L’ETF Ethereum au comptant enregistre 13 jours consécutifs de sorties nettes : désengagement institutionnel ou rotation des capitaux ?

Marchés
Mis à jour: 29/05/2026 10:04

Au 29 mai 2026, les données de marché Gate indiquent qu’Ethereum (ETH) s’échange autour de 2 010 $, soit une baisse de près de 60 % par rapport à son record historique de 4 946 $ atteint en août 2025. La baisse mensuelle en mai s’élève à 12,6 %, marquant le plus fort repli sur un mois depuis le début de l’année 2026.

Derrière cette faiblesse des prix, des évolutions structurelles dans les flux de capitaux des ETF laissent entrevoir des dynamiques plus complexes. Les ETF Ethereum au comptant américains ont enregistré des sorties nettes pendant 13 séances consécutives, avec un retrait net de 121 millions de dollars sur la seule journée du 28 mai. Cette vague de retraits signifie-t-elle que les institutions délaissent Ethereum, ou s’agit-il simplement d’un repositionnement pour optimiser le couple rendement/risque ?

Quelle est la rapidité des sorties sur les ETF Ethereum au comptant ?

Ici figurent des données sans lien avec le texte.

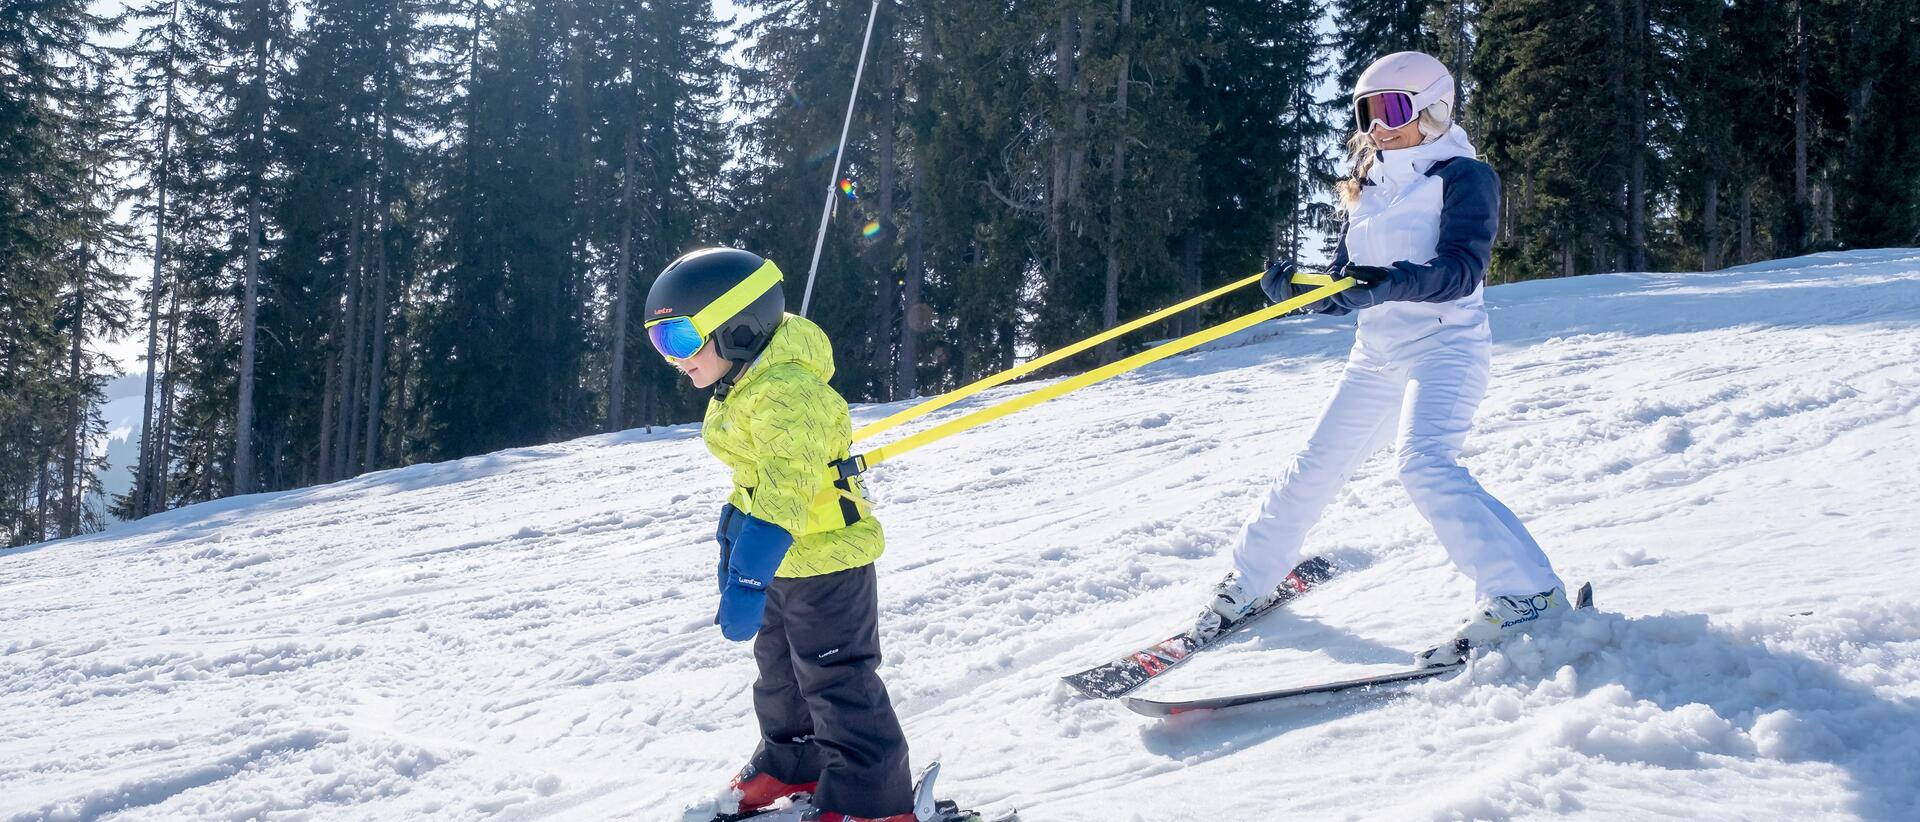 kobieta z dzieckiem zjeżdżają ze stoku na nartach

Regardons les chiffres. Selon les données quotidiennes de SoSoValue, le marché des ETF Ethereum au comptant aux États-Unis est entré dans son cycle actuel de sorties depuis le 11 mai 2026. Pour la seule journée du 28 mai, les sorties nettes ont atteint 121 millions de dollars, portant à 13 le nombre de séances consécutives de retraits. Au 28 mai, la valeur nette totale des actifs des ETF Ethereum au comptant s’élevait à 11,296 milliards de dollars, avec un ratio net d’actifs ETF (valeur de marché rapportée à la capitalisation totale d’Ethereum) de 4,65 %. Les entrées nettes cumulées historiques avoisinent 11,392 milliards de dollars.

À l’échelle mensuelle, les ETF Ethereum au comptant ont enregistré un retrait net cumulé de 401 millions de dollars en mai, soit la plus forte pression vendeuse institutionnelle depuis janvier 2026. Ce mouvement fait écho à la contraction récente des capitaux dans les ETF Bitcoin. Les données montrent que les ETF Bitcoin au comptant subissent également une pression persistante, avec une sortie nette de près de 229 millions de dollars le 28 mai — dont 178 millions proviennent de l’IBIT de BlackRock.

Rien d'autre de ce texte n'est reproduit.